Glendale Officers, ‘Real Heroes,’ Recount Rescue of 78-Year-Old Woman From Balcony of Burning Home

The family of a 78-year-old woman who was rescued from the balcony of her burning Glendale home on Tuesday got a chance to meet and thank the police officers who saved her life.

Glendale Officer Jimmy Mercado describes a harrowing rescue at a news conference on Dec. 20, 2016. (Credit: KTLA)

Glendale Officer Jimmy Mercado describes a harrowing rescue at a news conference on Dec. 20, 2016. (Credit: KTLA)

The Glendale Police Department officers were first on the scene early Monday as flames engulfed the woman's home in the 2000 block of Dublin Drive.

The victim's son, Vago Chobanyan, was out of town and watched the massive fire on television, horrified.

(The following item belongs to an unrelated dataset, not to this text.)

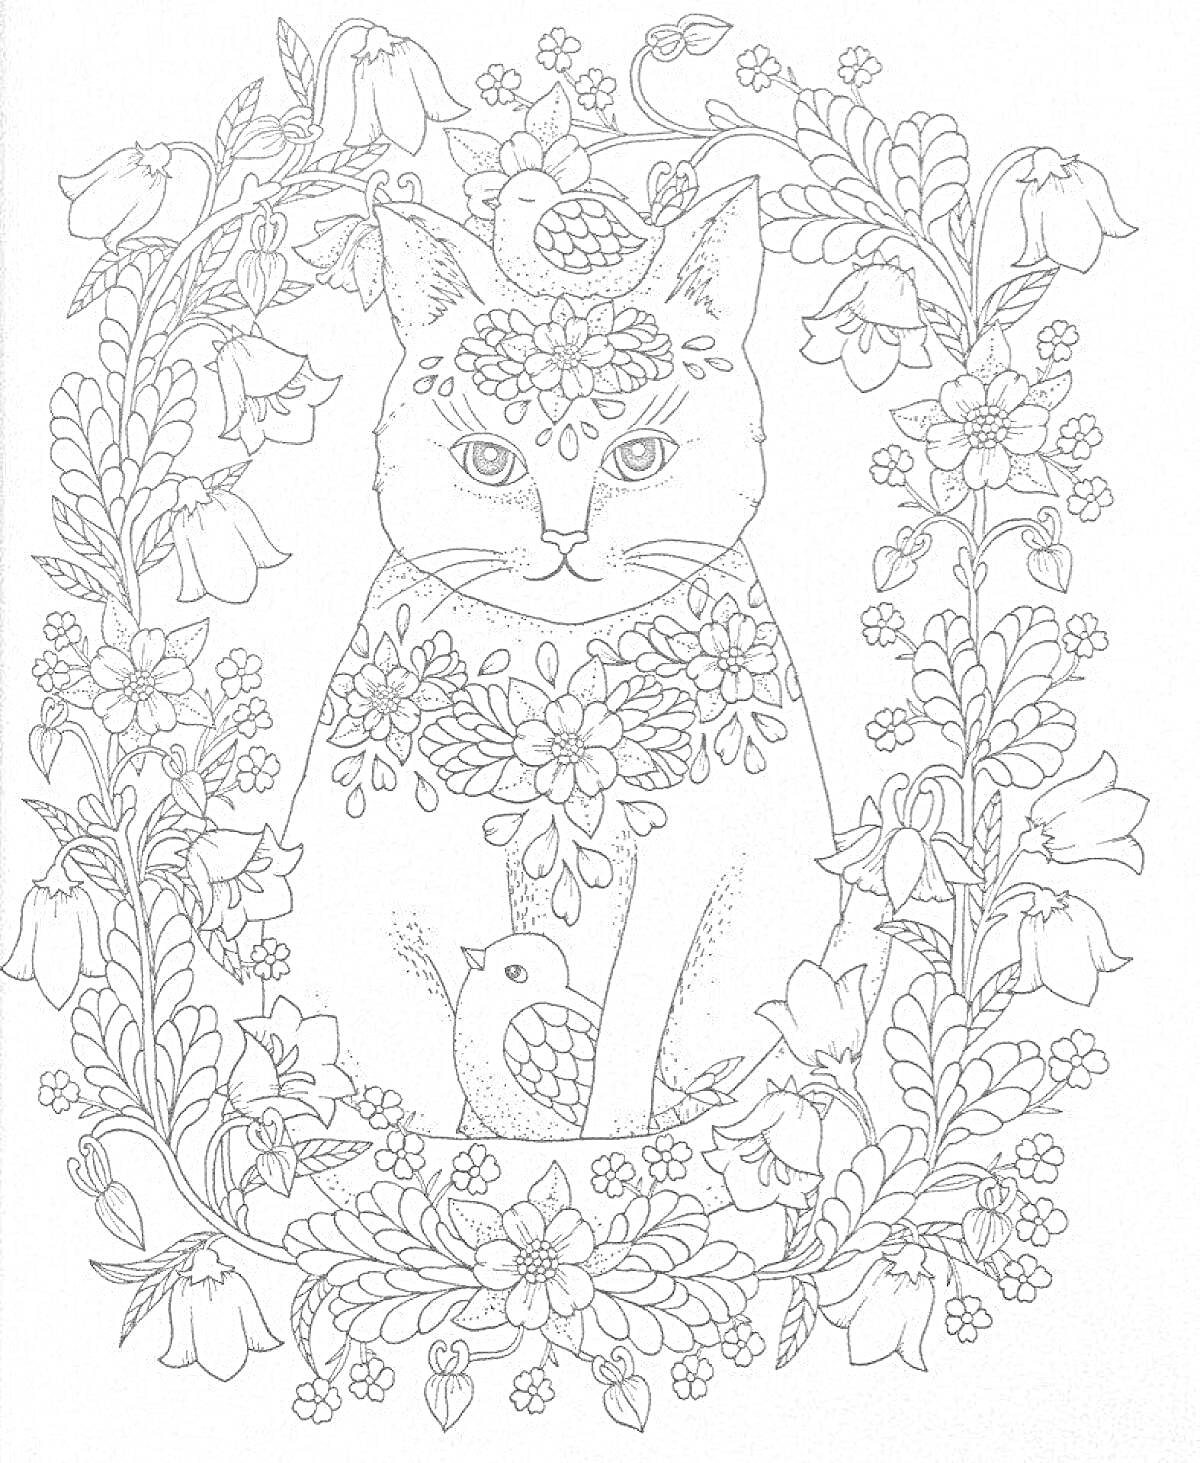 Раскраска Кошка среди цветочных узоров и птиц. Кошка украшена цветами, украшенный цветами кот сидит среди крупных цветов и листвы, сверху, по бокам и снизу находятся мелкие птицы и деревья.

“I cannot believe that my mom was able to get out safely with the help and heroic efforts of the officers," he said at a news conference.

With fire and smoke pouring out of windows and doors, the three officers saw the woman trapped on a balcony, they explained. The victim, Mrs. Chobanyan, whose first name her family didn’t want to give out, was too afraid to come over the rail to safety.

“She was petrified,” Officer Jimmy Mercado said. “There was fire behind her. The house was fully engulfed.”

Mercado climbed up the side of the building and was hanging from the balcony when he grabbed the fire-heated railing.

“I jumped and somehow I reached the railing and it was hot, but I was really determined,” Mercado said, adding that other Glendale officers would have done the same thing.

Two other officers — Christopher Clay and Matthew Stafford — worked on the ground to set up a neighbor’s ladder. Sgt. Ben Bateman arrived and encouraged the woman to jump from the balcony.

“She didn’t want to move,” said Mercado, who gestured with a hand bandaged due to second-degree burns.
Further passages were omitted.